Conf42 Golang 2024 - Online

Leveraging the Apache Flight Go Client and InfluxDB

Abstract

In this talk, we will learn about the advantages of Apache Arrow and Arrow Flight as a data format and framework for transport of large datasets. Then we’ll learn how to leverage the Arrow Flight Go Client to build an InfluxDB Go Client and use it.

Summary

  • Ana Ystodis Giorgio is a developer at Influx Data. In this talk, we'll learn about how to use the influxDB 3.0 go client library. InfluxdB University offers free, live and self paced training on a wide variety of topics related to influxdb.
  • Time series data is any data that has a time stamp associated with it. Industrial IoT or IoT data can include anything that's coming from a sensor. A time series database has four components or pillars. The first is ingesting time series data; the other is accommodating for really high throughput.
  • influxdB is built on data fusion, and data fusion is the query execution framework that allows influxDB users to query influxDB with SQL. Columnar format is really well suited for time series use cases for multiple reasons. We really believe in open architecture and open data format.
  • The influxdb go client library allows any influxdb user using go to write in query to influxdb v three.

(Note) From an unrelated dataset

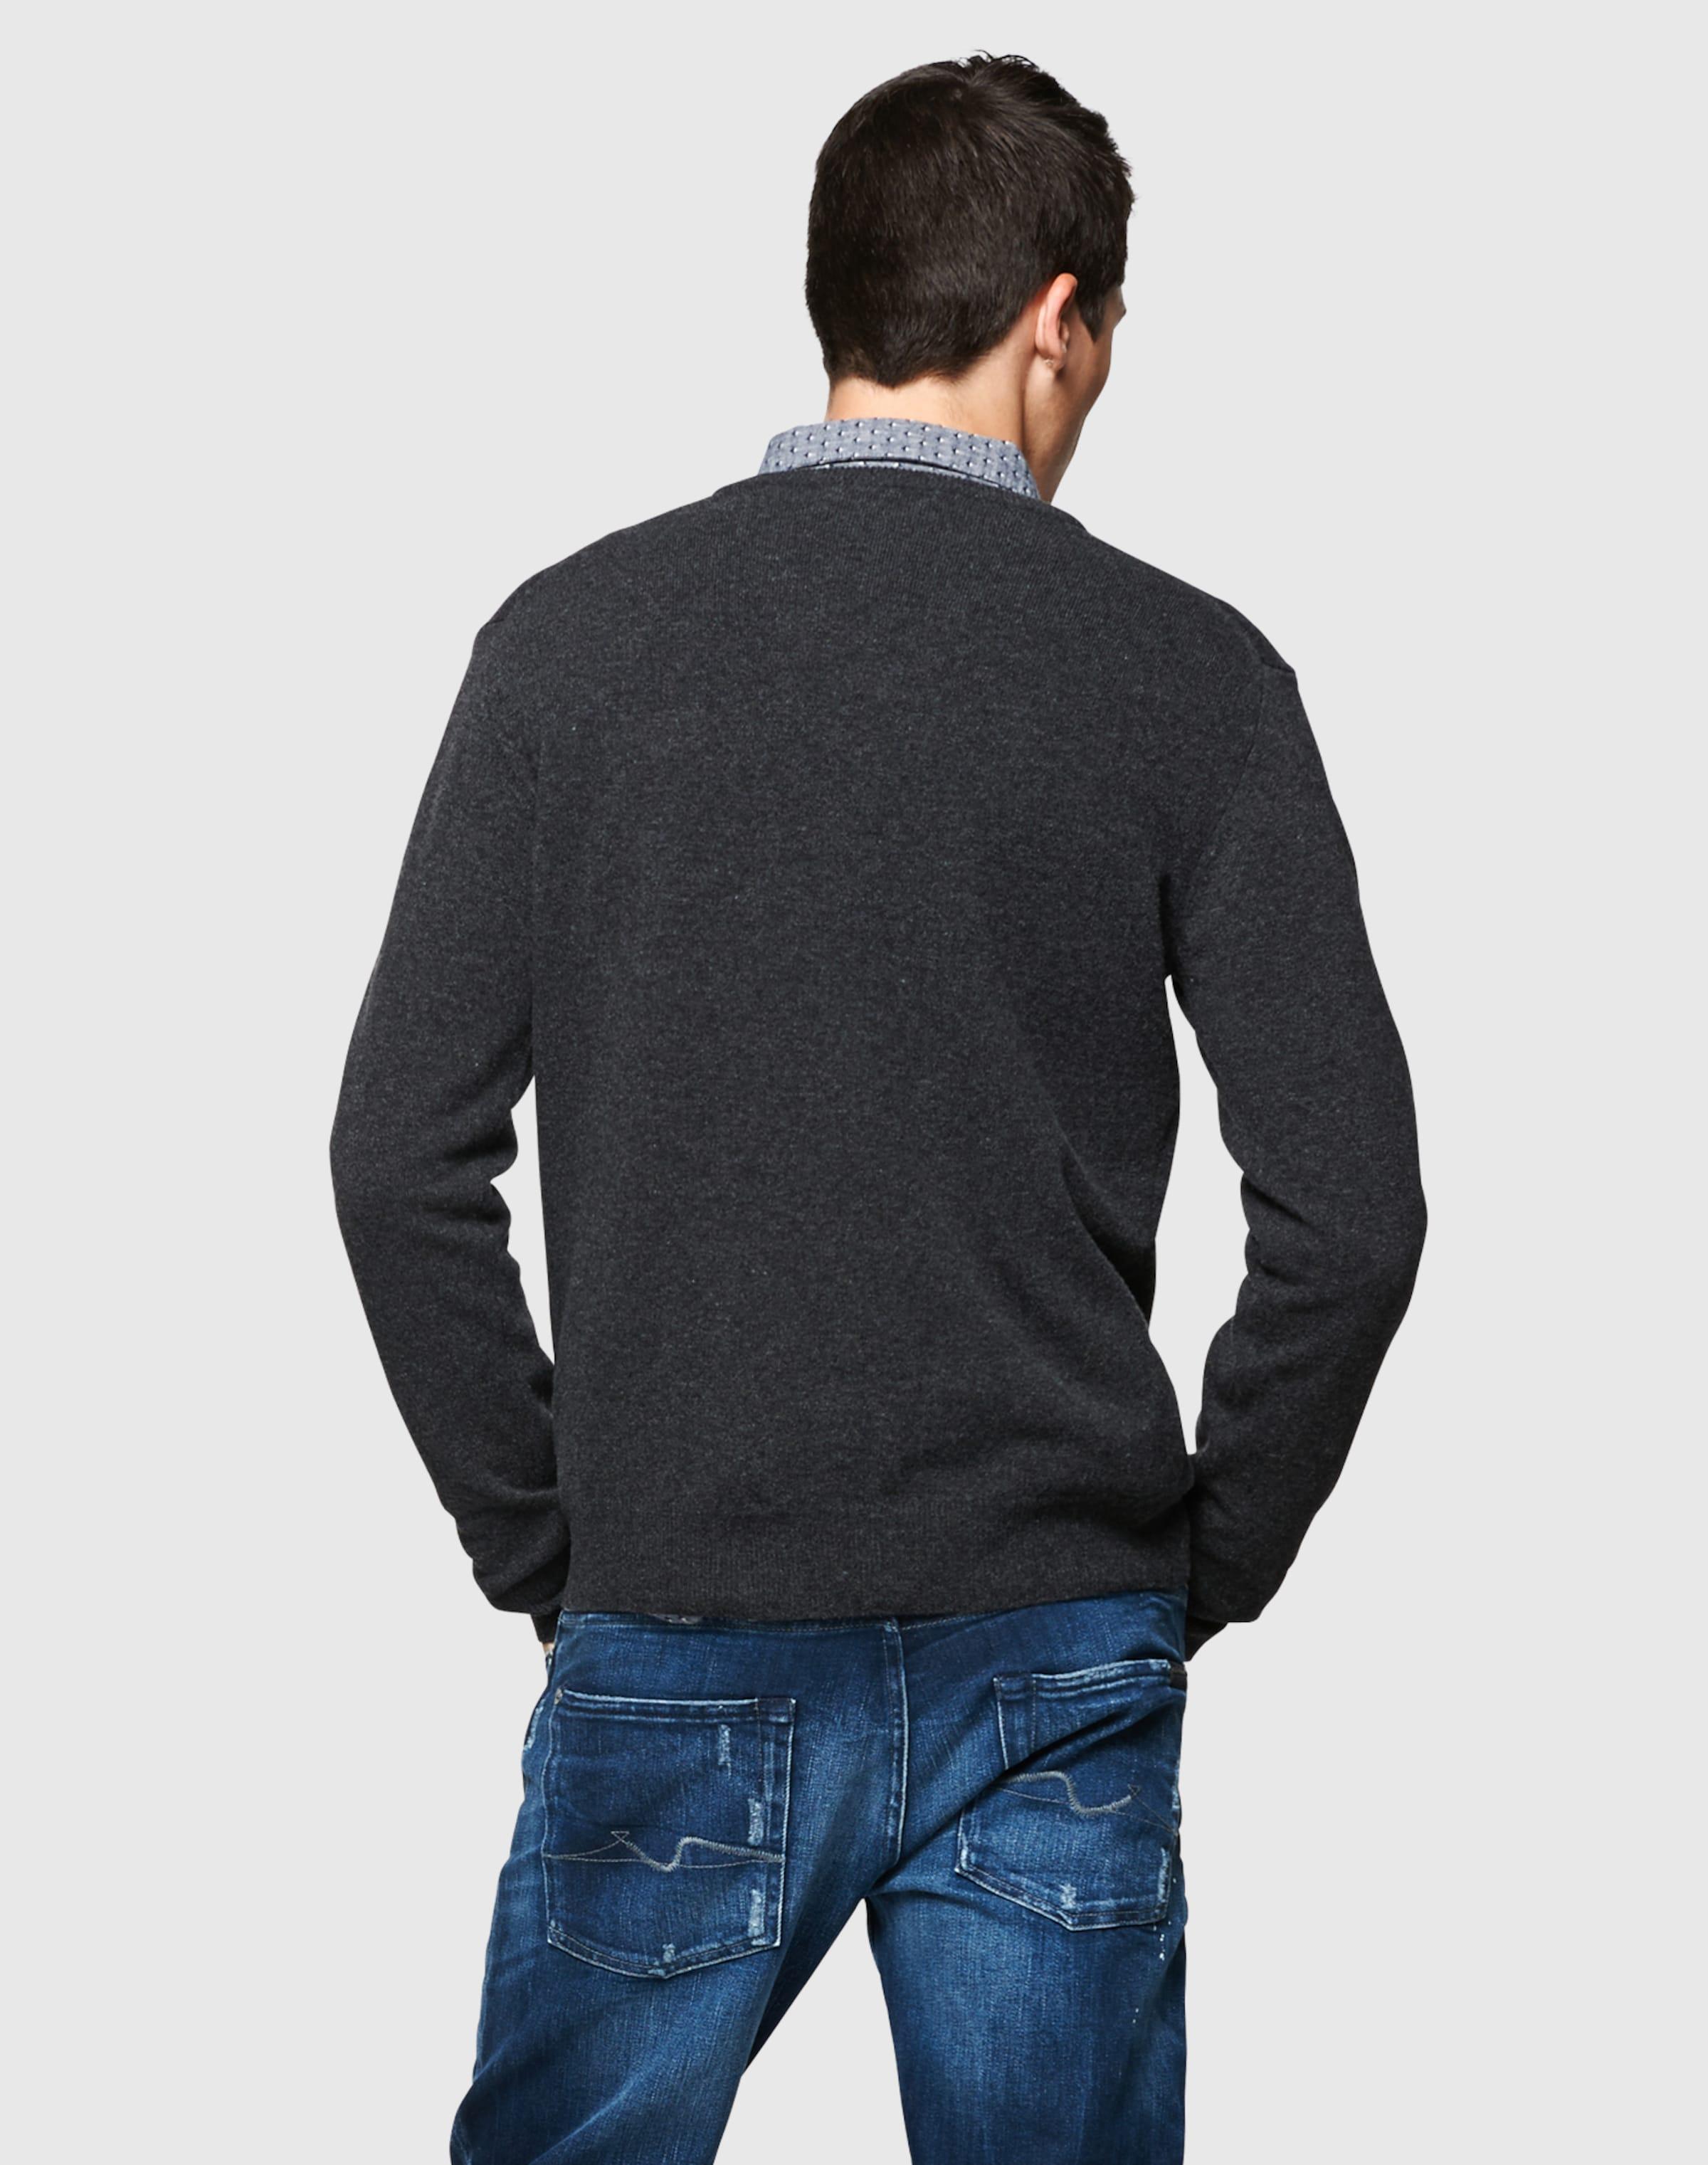 Gant Anthrazit In In Pullover Anthrazit Gant Pullover N0wOvm8n

You'll also need an authentication token. And last but not least, I'll share some resources and some places that you can get additional help.
  • Line protocol is just the ingest format for influxdB. It consists of the following components, measurements, tags, fields, and timestamps. The only difference between tags and fields is that tags are used to store metadata and fields are where you contain your actual time series data.
  • The influx community on GitHub contains a variety of examples for how to use influxdb with a bunch of projects. Also our go client library documentation at Docs dot in fluxdata. com. Last but not least, I want to encourage you to try the free trial and get started for yourself.

Transcript

This transcript was autogenerated. To make changes, submit a PR.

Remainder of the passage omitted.